▸ DATASET CONTENT:
Content starts

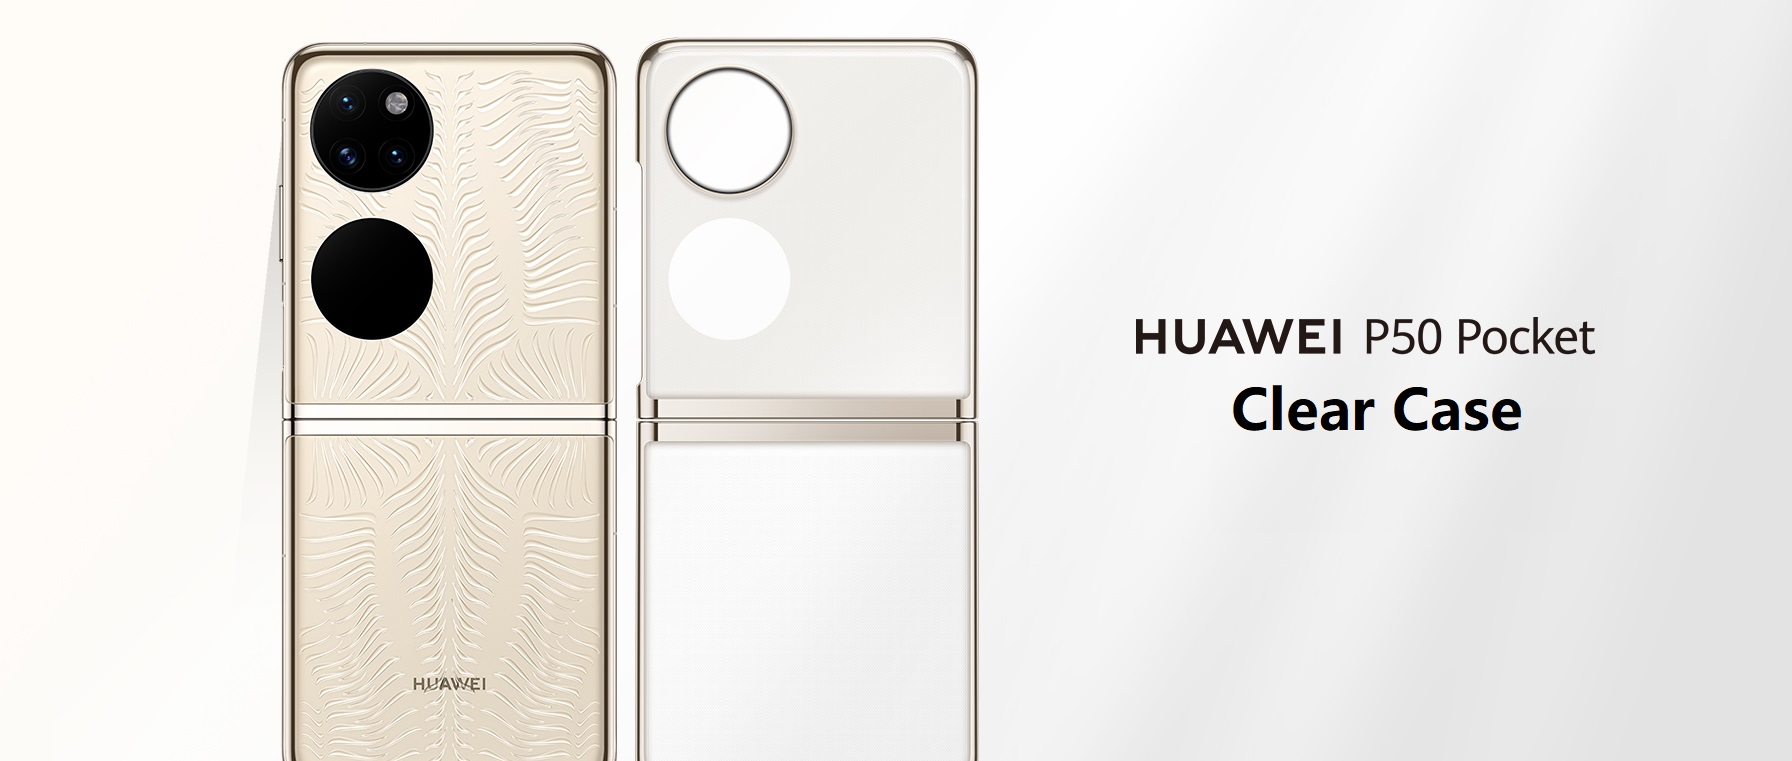 Huawei P50 Pocket Clear Case
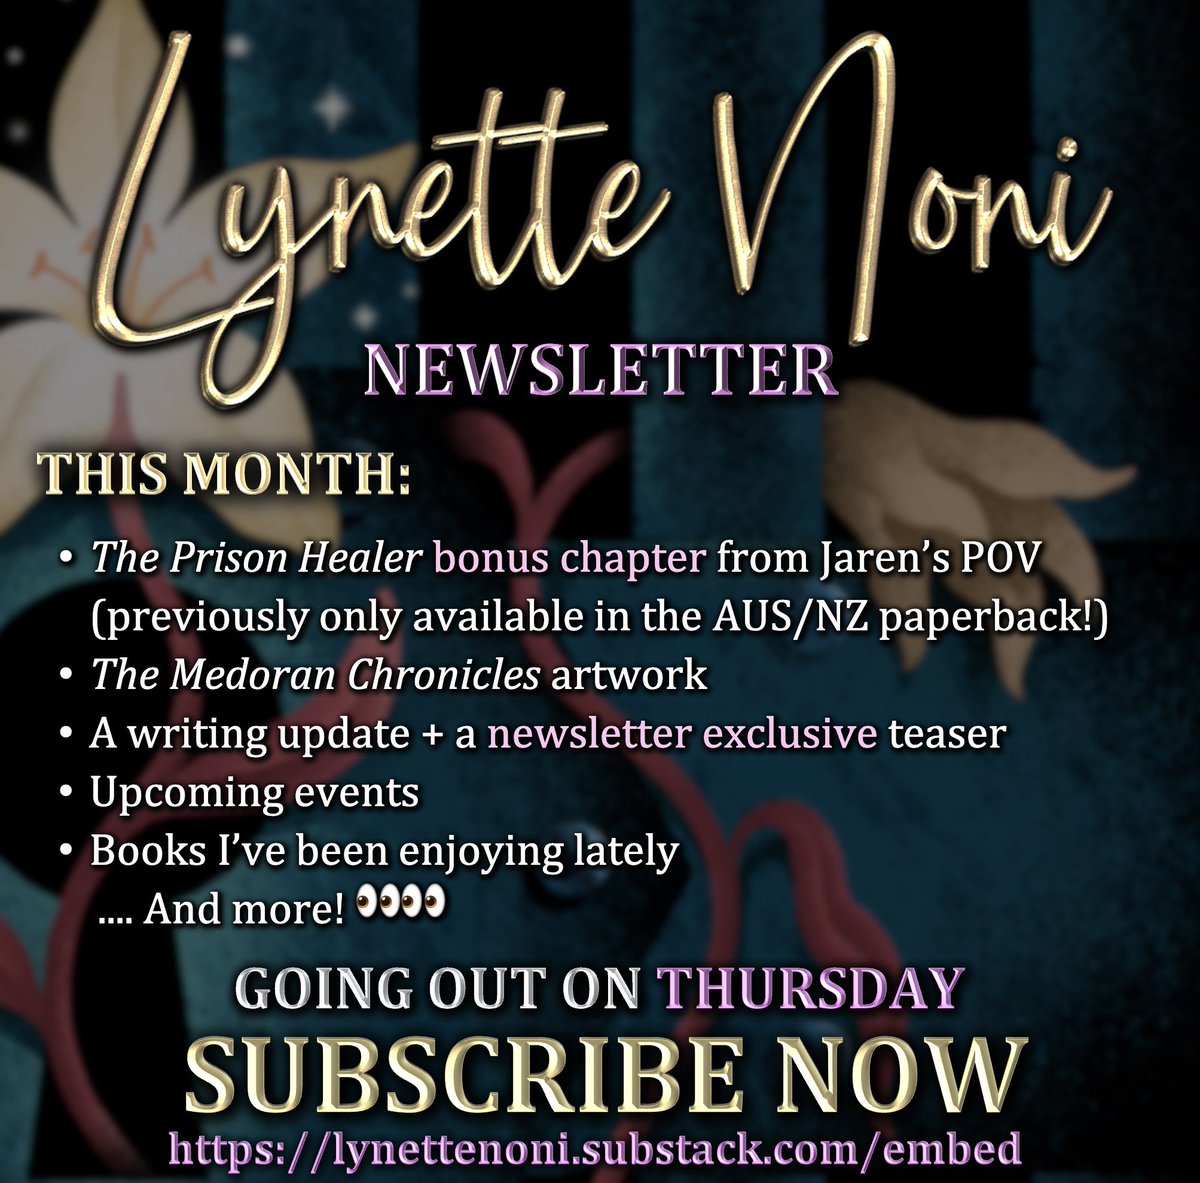 My next newsletter is going out THIS THURSDAY and it has sooooo much fun stuff in it (including Jaren’s bonus chapter from #ThePrisonHealer!!) so make sure you sign up in time to keep from missing out! Subscribe here: lynettenoni.substack.com/embed
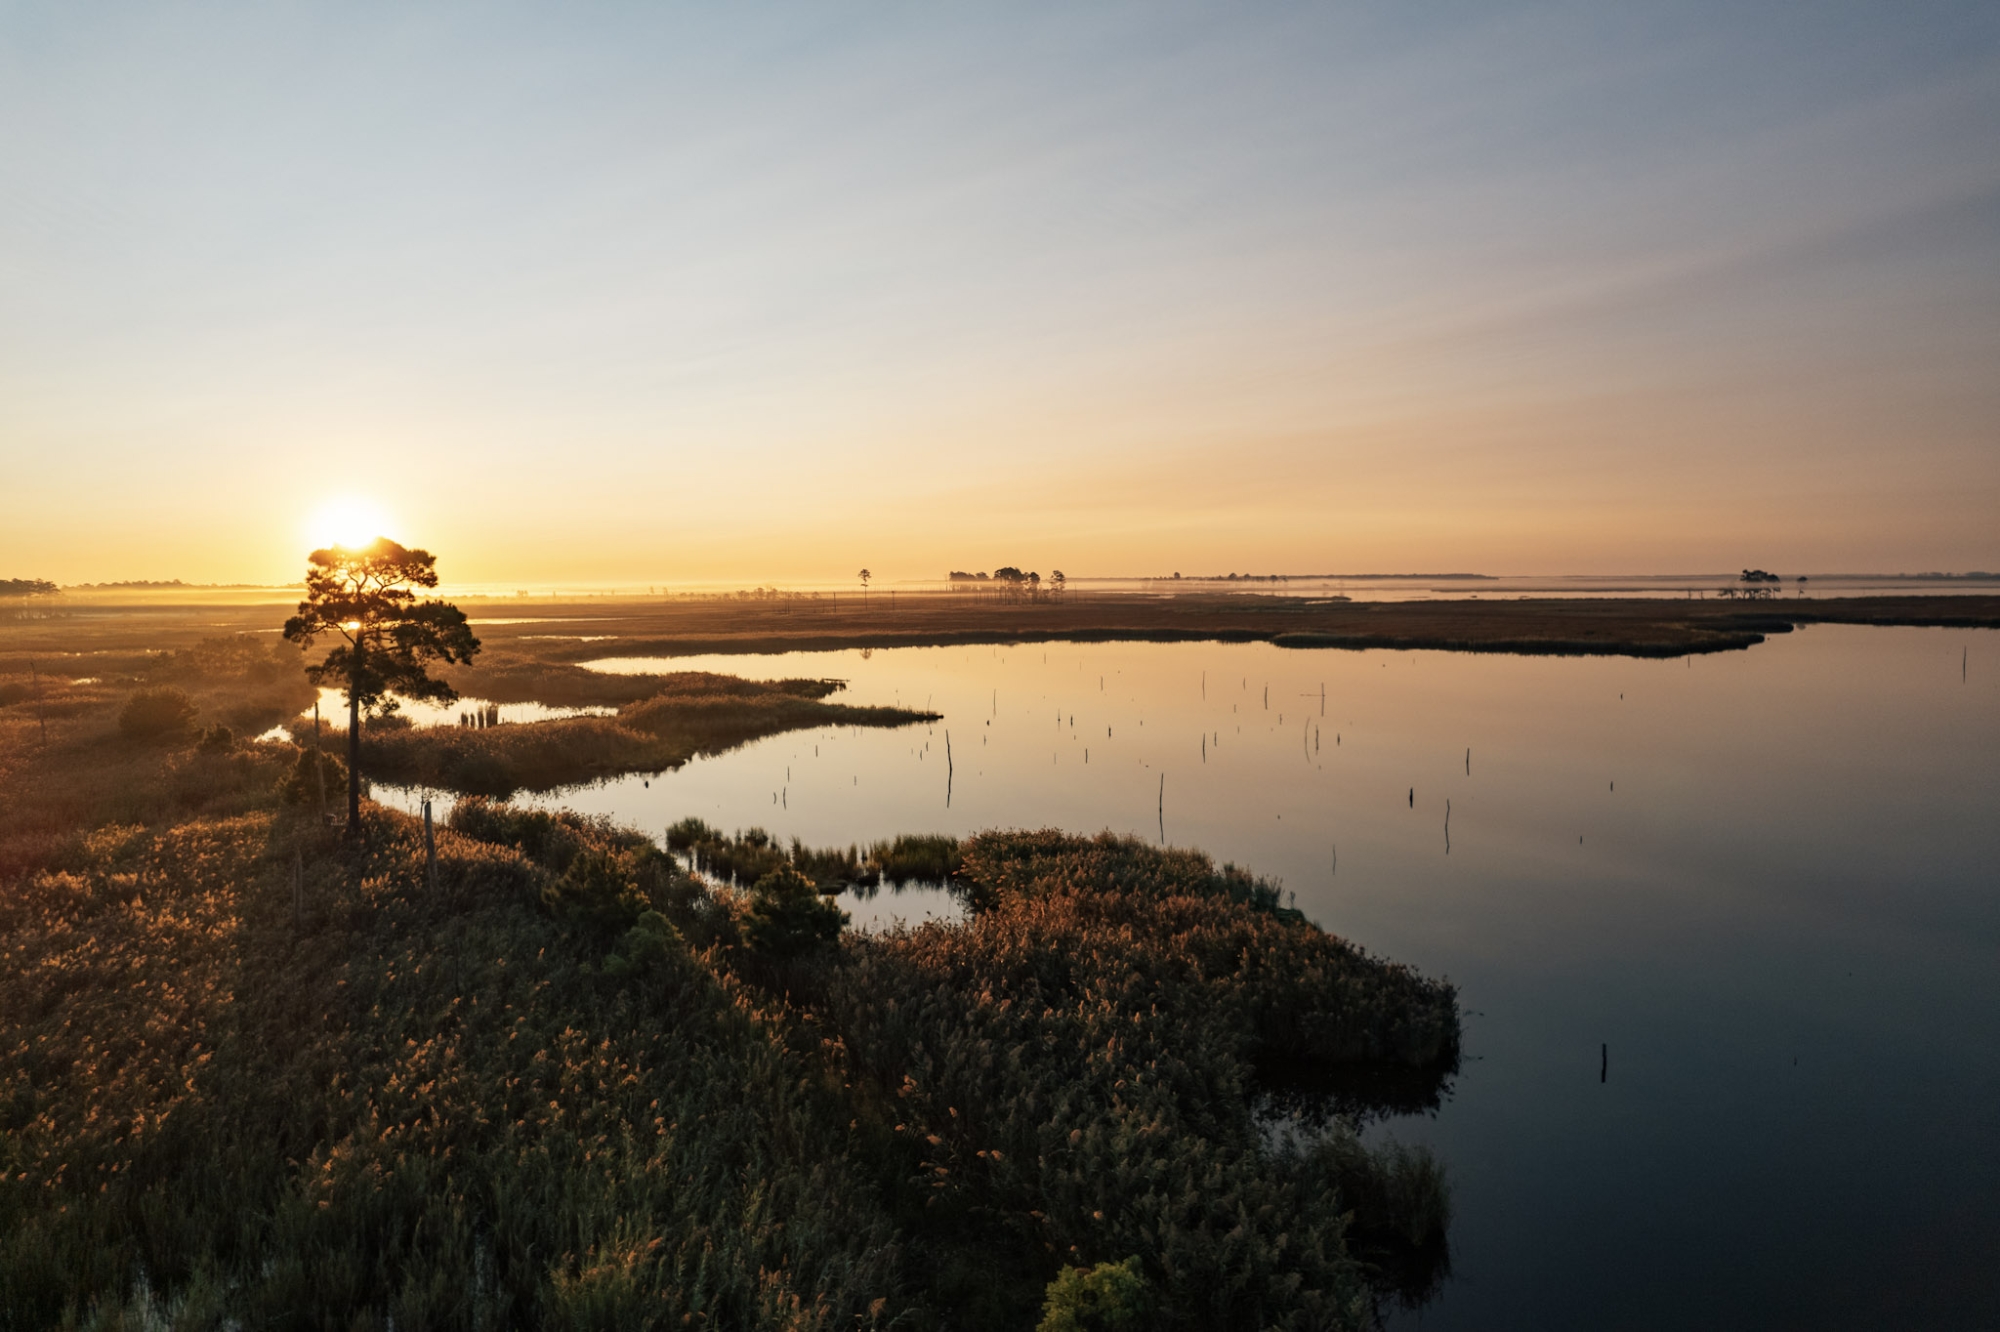 A marsh with a large body of water surrounded by grasses and shrubs at sunset

Content ends

▸ YOUR GOAL:
What is needed is a verbatim copy of the material, minus its pictures.

▸ TASK RESPONSE:
 Huawei P50 Pocket Clear Case
 My next newsletter is going out THIS THURSDAY and it has sooooo much fun stuff in it (including Jaren’s bonus chapter from #ThePrisonHealer!!) so make sure you sign up in time to keep from missing out! Subscribe here: lynettenoni.substack.com/embed
 A marsh with a large body of water surrounded by grasses and shrubs at sunset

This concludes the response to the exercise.